Despite the pandemic and recession, home sales are booming. In fact, demand is outpacing residential construction. The gap between housing needs and housing production has never been wider. A major obstacle to filling it: The nation’s home builders face a severe skilled labor shortage. Some of the jobs that are in highest demand are carpenters, electricians, HVAC and solar installers, plumbers, painters, and masonry workers. In the last six months, unfilled positions in construction have averaged 275,000, according to Robert Dietz, chief economist at the National Association of Home Builders (NAHB).
The unrepealable law of supply and demand is driving up home prices, making the country’s longstanding affordable housing crisis grow even deeper. Meanwhile, a heartbreakingly high number of Americans are losing their jobs in hospitality and other service industries. A disproportionate number of young people, women, minorities, and lower-income adults have been hit the hardest.
A solution to these three, simultaneous problems—unemployment, skilled labor shortages and lack of housing availability—seems obvious. As housing demand soars, the acute labor shortage in the home construction business can provide new opportunities to unemployed workers. Even better, with labor in such short supply, builders must pay more for their workers. And in a pandemic-driven economic downturn nationwide in scope, it’s important to note that the housing shortfall provides these new opportunities in every region of the country.
It’s time for a major national push to train new workers in the skilled building trades. Leaders in housing and workforce training must come together, first to change the perception of trade jobs and then provide the education and resources for those who need and want to enter a new field in this changing economy.
A good place to begin building greater momentum for a cross-industry effort is with state housing finance agencies (HFAs) and local home builder associations (HBAs).
HFAs are state-chartered, nonprofit organizations that provide financing and other services for affordable housing and community development. But they are more than reliable sources of capital in the affordable housing system. Over and over, state HFAs have demonstrated their powerful ability to create nonpartisan coalitions of housing interests in their states, across the entire spectrum of the private, public, and nonprofit sectors. And that’s where they can play a vital role in helping to solve the housing production gap.
What can state HFAs do? To start, they can make workforce development a major priority. For example, in Memphis, Tennessee, the Tennessee Builders Education Foundation (TBEF) launched its trade skills training program in 2019 with seed money granted by the Tennessee Housing Development Agency. TBEF started with three high schools where Black students were in the majority. More than 150 students quickly enrolled. By the spring of 2020, another three high schools were added and a total of 248 students were learning building trades. While the pandemic forced Shelby County schools to close before students could complete their training, TBEF board member Keith Grant invited program participants to meet with him and his subcontractors. Several dozen accepted the invitation, and all of them left with job offers.
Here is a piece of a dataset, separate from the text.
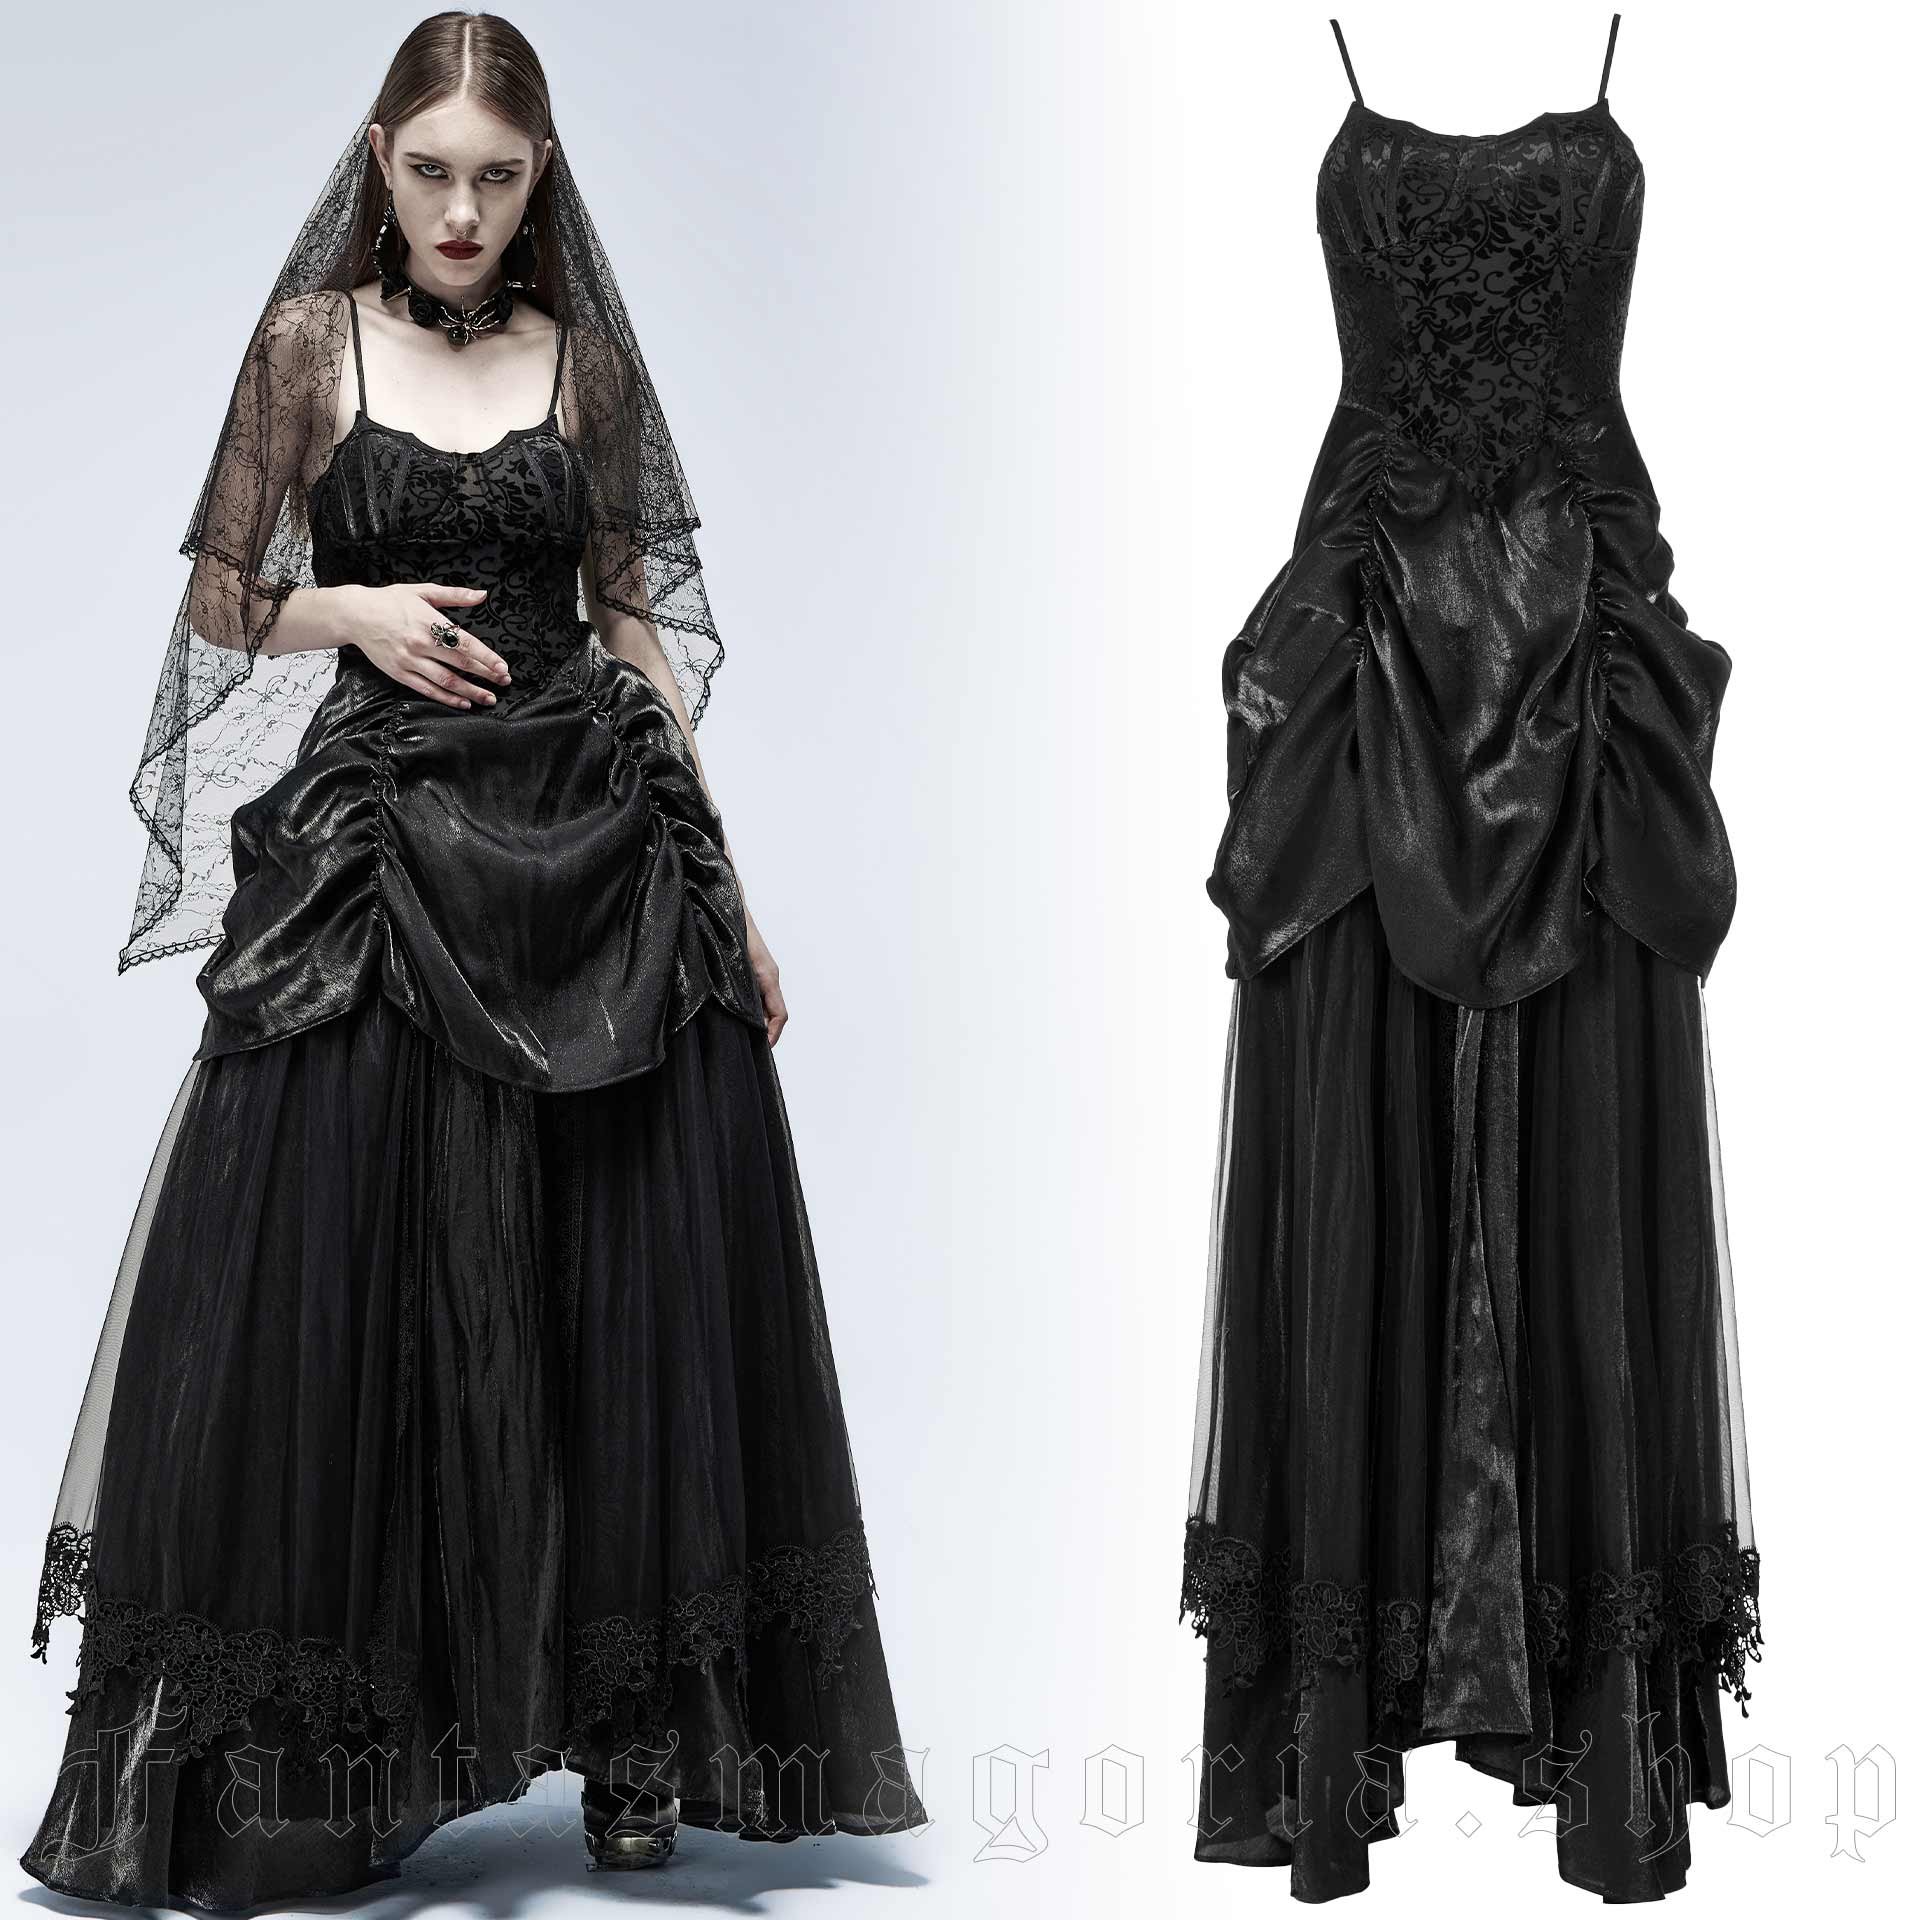 Dark Faerie Dress WQ-557/BK by Punk Rave brand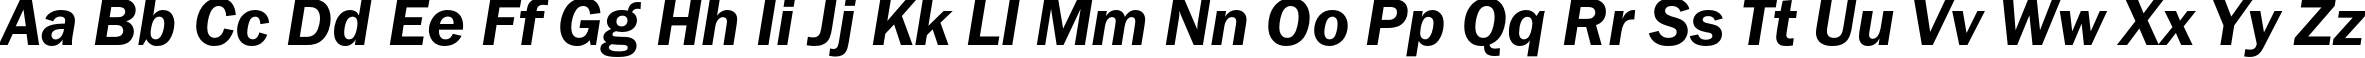 Пример написания английского алфавита шрифтом FranklinGothicDemiC Italic

Likewise, HBAs, which form a nationwide network of the membership groups that organize home builders at the local level, can play an important role as well. They know their markets backward and forward, and they can match the labor needs of builders and subcontractors with a steady supply of newly trained workers. Many HBAs already are working with some of the nation’s leading nonprofits for training in the skilled trades. The Home Builders Institute (HBI), historically renowned in the construction industry for its training curricula, is making significant inroads—stepping up its efforts to join forces with local school systems, state HFAs, and other state-based organizations to help close the skilled labor gap. HBI, in partnership with the NAHB, has pledged to train 50,000 workers over five years to prepare students for building industry careers and meet the demand for skilled labor. The organization’s placement rate among students is more than 85%. With greater partnerships with state HFAs, and other state, regional, and local groups, it can be even higher.
Yes, the housing market is roaring. Economists expect a pent-up demand to last. But with the shortage of skilled labor, the nation simply cannot build enough homes to satisfy the needs of those seeking homeownership,
The choice is clear. To build homes, especially when the economy rebounds and demand grows even stronger, America needs more skilled workers now, particularly those who are newly trained, who have not traditionally been part of the construction workforce, and who have been inordinately affected by the pandemic and recession. Workers trained in the building trade skills increase productivity, which lowers costs to consumers. Home builders and their local associations, and state housing finance agencies, all working together to support skills training of young men and women now will mean more good jobs and a larger supply of affordable housing in an economic recovery.